How do fire ants keep the traffic flowing as they excavate their tunnels? | Georgia Tech
By observing how fire ants excavate their deep and elaborate subterranean lairs, researchers have gleaned new insights into understanding optimal traffic flow in confined or crowded environments. The research findings published in the August 17 issue of Science could one day inform the movement of self-driving cars to navigate rush-hour traffic safely, or prevent nanorobots surging through our bloodstream from clogging critical arteries.
The study reveals specific behaviors of individual fire ants — like taking a rest — that reduce crowdedness and prevent 'ant-jams' from forming within their nests as they move about and dig new tunnels. The strategies could be applied to non-living systems that require the steady flow of large groups in confined or difficult to navigate spaces, such as robot swarms tasked with navigating and removing rubble after a disaster.
"Looking in detail at living systems — organisms just doing what they're doing — can lead you to discover beautiful natural phenomenon, which could potentially influence technological advances," said Daniel Goldman, a physicist at Georgia Tech and coauthor of the study.
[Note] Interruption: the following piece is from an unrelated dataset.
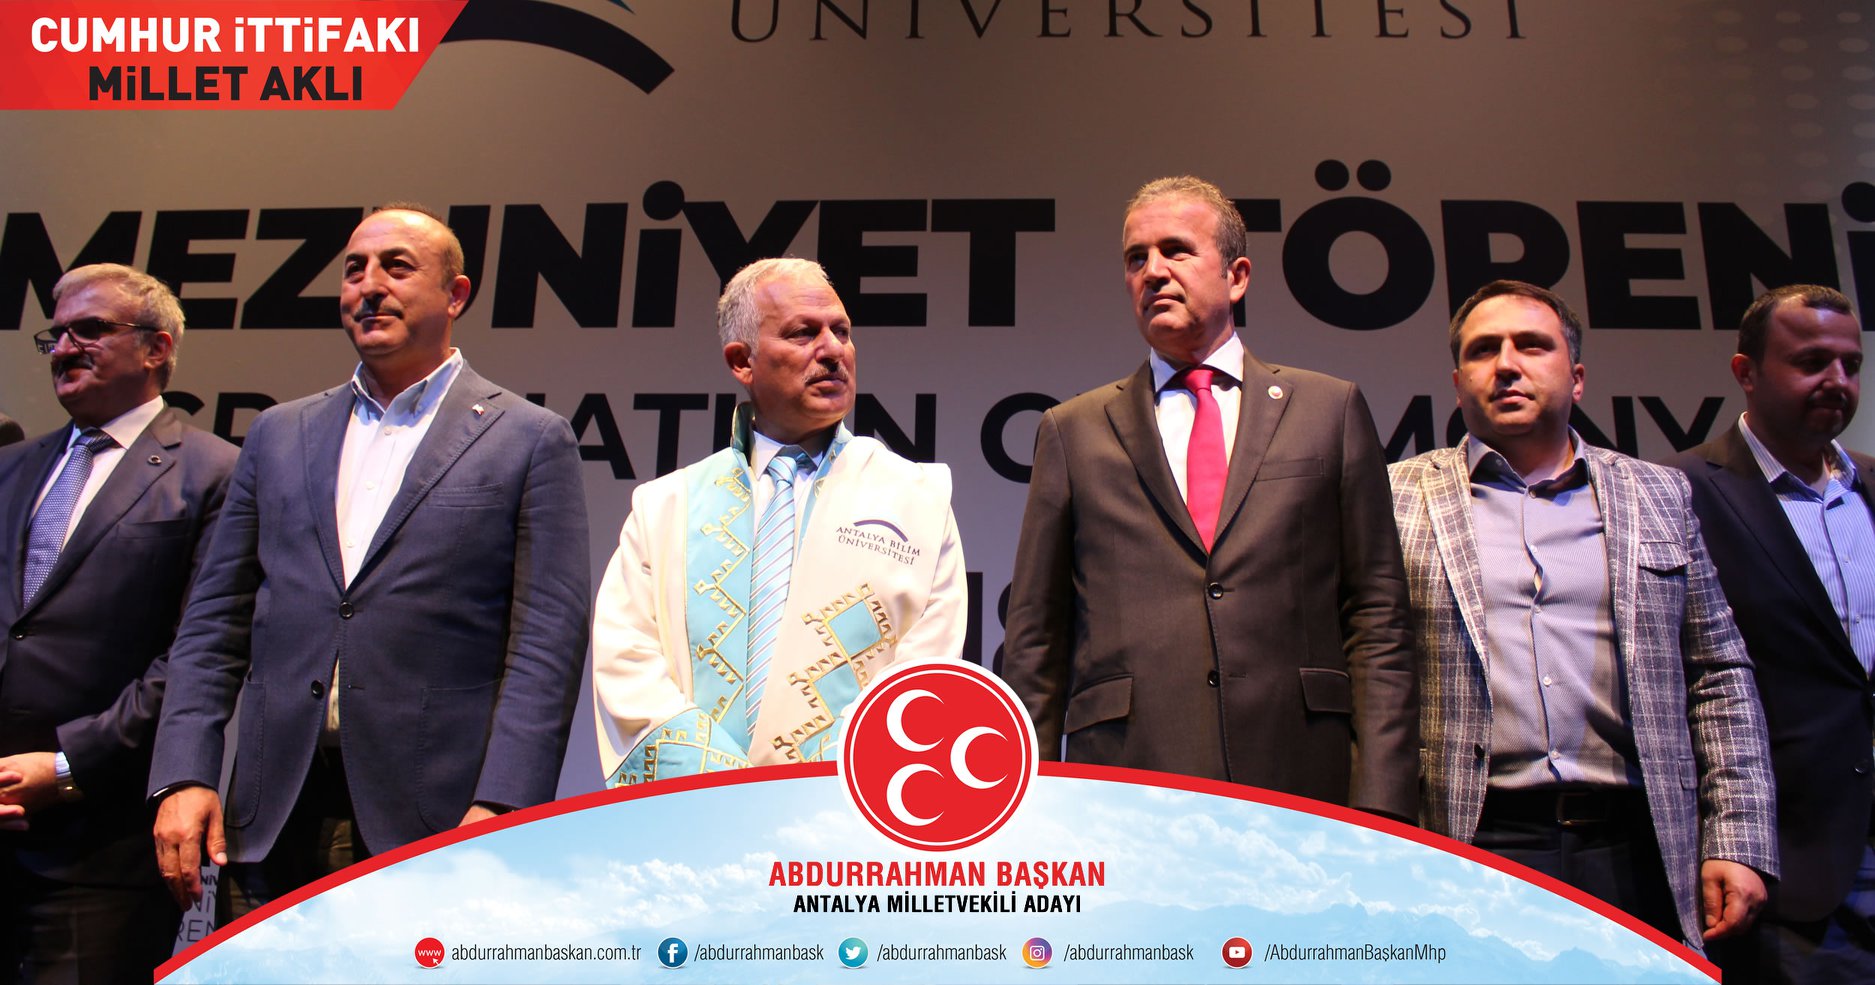 Antalya Bilim Üniversitesi Mezuniyet törenindeyiz. Gençlerimizin #Cumhurİttifakı

Any time dense groups of objects flow through a restricted system, there is a potential for clusters or clogs to form. When those objects each have a goal, like humans in cars confined to the four lanes of a freeway and trying to make it home, these clusters and clogs can be detrimental. Clogs are a challenge in engineered systems like robot swarms that require each to remain autonomous, yet work together to achieve a collective goal in unpredictable environments without the help of external controls guiding the collective.
Social insects like ants routinely perform many tasks that demand a steady flow, such as excavating their tunnels. Other tasks like brood care or foraging also require rapid movement throughout the networks of narrow tunnels. Despite the tens-of-thousands of ants working together within a single colony, however, clusters of ants rarely form the flow-stopping clogs that could quickly bring the work to a halt, according to Goldman and his colleagues.
Goldman is interested in understanding how living systems perform certain tasks by using computational models and robots as scientific tools to discover the underlying principles of natural phenomena.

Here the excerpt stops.